Initialize Git submodules
This repository includes external repositories as Git submodules, so, unless you cloned with git clone --recursive you need to initialize:
git submodule update --init --recursive
GTSfM supports two installation methods. Choose the one that best fits your workflow:
Option 1: Conda Setup (Recommended for most users)

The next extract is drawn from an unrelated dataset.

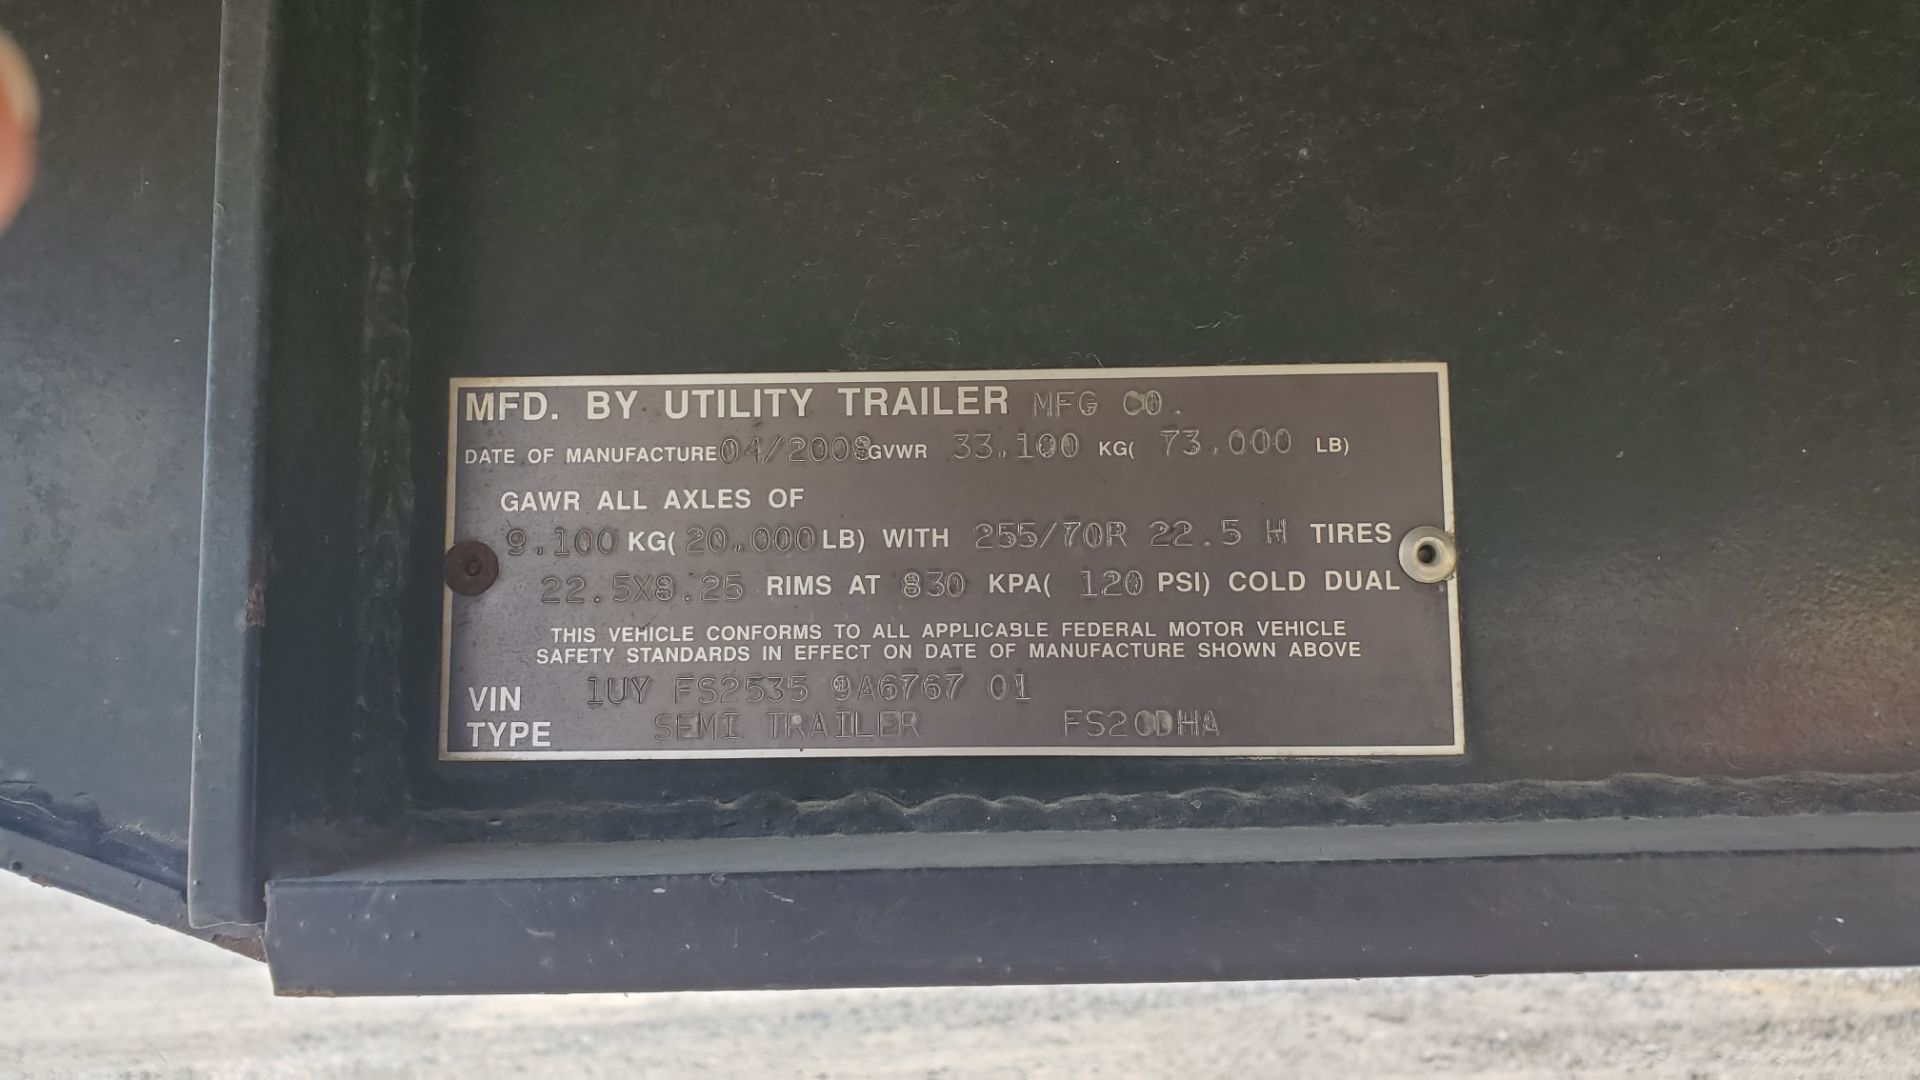 2008 Utility 53 ft. Drop Deck Tandem Axle Semi Trailer, VIN: 1UY FS2535 9A6767 01; with Conestoga - Image 8 of 8

For detailed Conda installation instructions, see conda-setup.md
Option 2: UV Setup (Fast alternative package manager)
For detailed UV installation instructions, see uv-setup.md
Both methods will allow you to run GTSfM successfully.
Try It on Google Colab
For a quick hands-on example, check out this Colab notebook
Usage Guide (Running 3D Reconstruction)
Before running reconstruction, if you intend to use modules with pre-trained weights (e.g., SuperPoint, SuperGlue, or PatchmatchNet), first download the model weights by running:
bash scripts/download_model_weights.sh
Running SfM
GTSfM provides a unified runner that supports all dataset types through Hydra configuration.
To process a dataset containing only an image directory and EXIF metadata, ensure your dataset follows this structure:
└── {DATASET_NAME}
├── images
├── image1.jpg
├── image2.jpg
├── image3.jpg
Then, run the following command:
./run --config_name {CONFIG_NAME} --loader olsson --dataset_dir {DATASET_DIR} --num_workers {NUM_WORKERS}
Loader Options
The runner exposes five portable CLI arguments for dataset selection and universal loader configuration:
--loader— which loader to use (e.g.,olsson,colmap)--dataset_dir— path to the dataset root--images_dir— optional path to the image directory (defaults depend on loader)--max_resolution— maximum length of the image’s short side (overrides config)--input_worker— optional Dask worker address to pin image I/O (advanced; runner sets this post‑instantiation)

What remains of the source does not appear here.